Clubfoot distinctly affects three joints of the foot, the ankle joint, subtalar joint, and talonavicular joint, all of which link to a large bone in the ankle called the ‘talus’, from which clubfoot conditions have earned the name ‘talipes’.

The condition can make it extremely difficult to walk because the foot is deformed in such a way that it skews sharply inwards. The ankle joint doesn’t have its normal range of movement, and ultimately gait becomes severely impaired. Without treatment, clubfoot can affect a child’s mobility for the rest of their life.

Treating Clubfoot

There are a number of approaches to treating clubfoot, some surgical, and some non-surgical. Podiatry is closely involved in both the treatment and recovery aspect of clubfoot, as even after the deformity has been treated particular needs to be taken to preserve the foot and ensure its recovery. Treatment is absolutely essential from birth to prevent clubfoot from developing into a serious disability.

Physiotherapists and podiatrists will usually work together to address clubfoot, the former being responsible for manipulations and exercises that strengthen support muscles and stretch the various tendons and ligaments involved in the joint. Some podiatrists with appropriate training can help in this regard.
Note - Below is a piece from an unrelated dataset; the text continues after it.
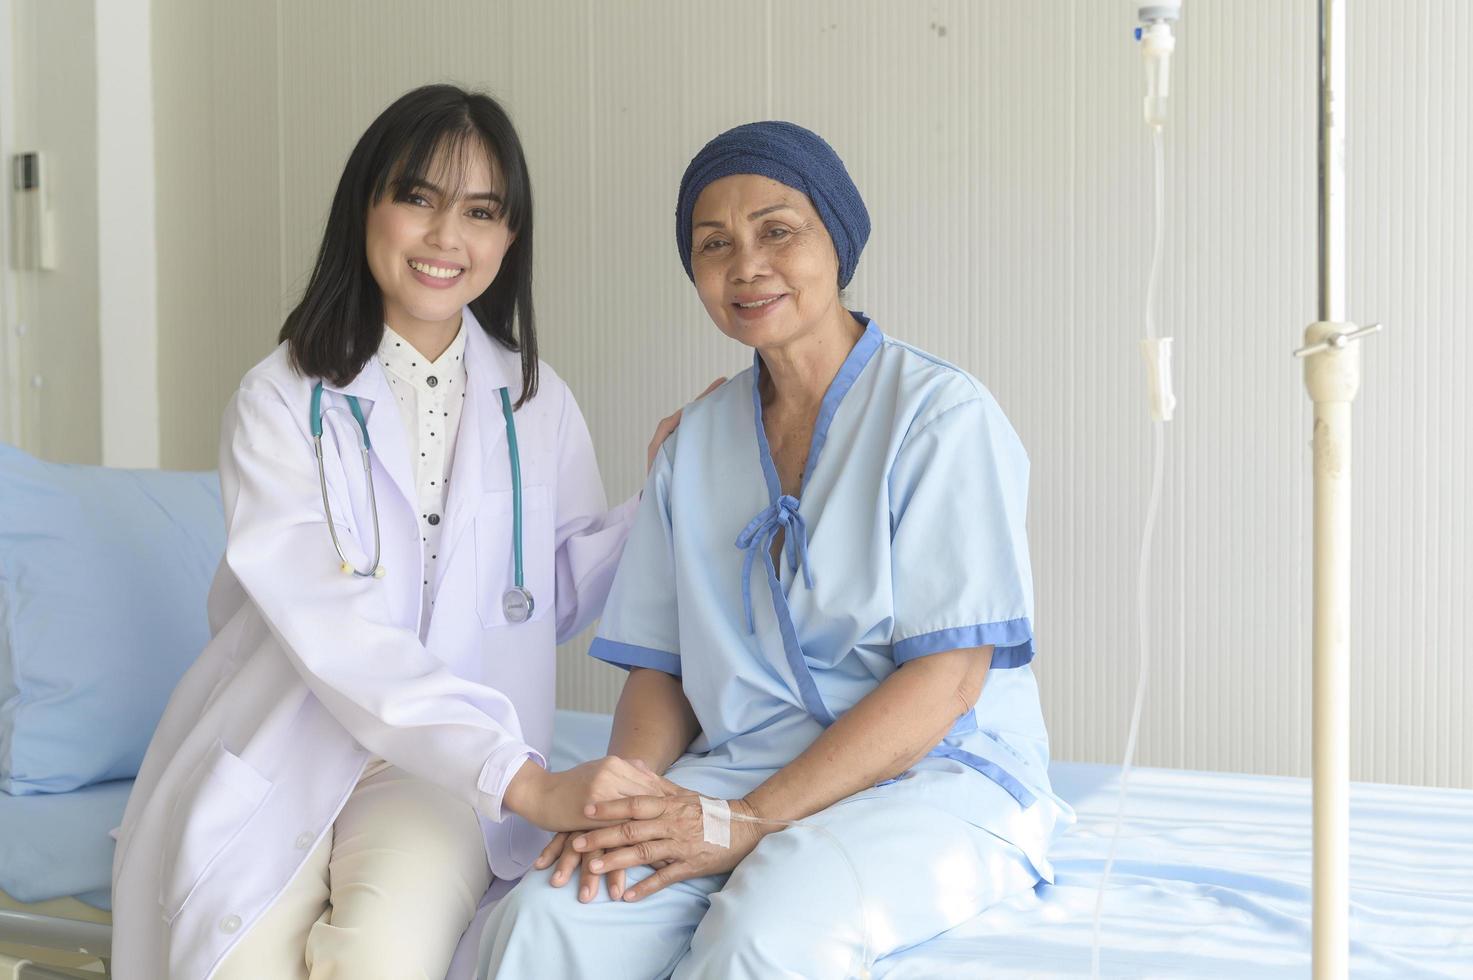 médico sosteniendo la mano de un paciente con cáncer en el hospital, atención médica y concepto médico foto

On top of manipulations orthotics and braces are needed to realign the foot and deformed ankle joint. Orthoses are supporting footwear that correct deformities of the foot and allow for a normal, healthy walk. Where clubfoot is concerned, orthotics can include casts, custom foot orthoses, or knee ankle foot orthoses. Which orthotic method is best suited for a child will depend on their foot, and each child with clubfoot will need to be carefully assessed to determine which method of realignment would work best.

To complement these methods two minor procedures can sometimes be performed, these include a tenotomy and anterior tibial tendon transfer. Both methods aim to relieve the pressure that clubfoot can exert on important structures in the ankle. A tenotomy is used in about 8 out of 10 cases and releases tension from the large tendon running down the back of the foot (Achilles tendon). An anterior tibial tendon transfer effectively moves a long tendon from the first to the third toe, relieving tension which forces the foot inwards. Podiatrists with the appropriate post-graduate qualifications in foot surgery can perform these surgeries, or alternatively a medical surgeon can be arranged to perform them. 

Major surgical treatment is only occasionally used where other methods have failed to correct clubfoot. If surgery is necessary, then it is arranged between 9-12 months after birth, but even after surgery physiotherapy and podiatry are still needed to aid in recovery. Where possible surgery is avoided because of the risk of scarring within the foot, this can cause a number of problems as a child grows older which can affect growth and function.

The modern management of clubfeet is extremely effective, and a number of famous people, including famous athletes, have suffered from the condition, including England footballer Steven Gerard.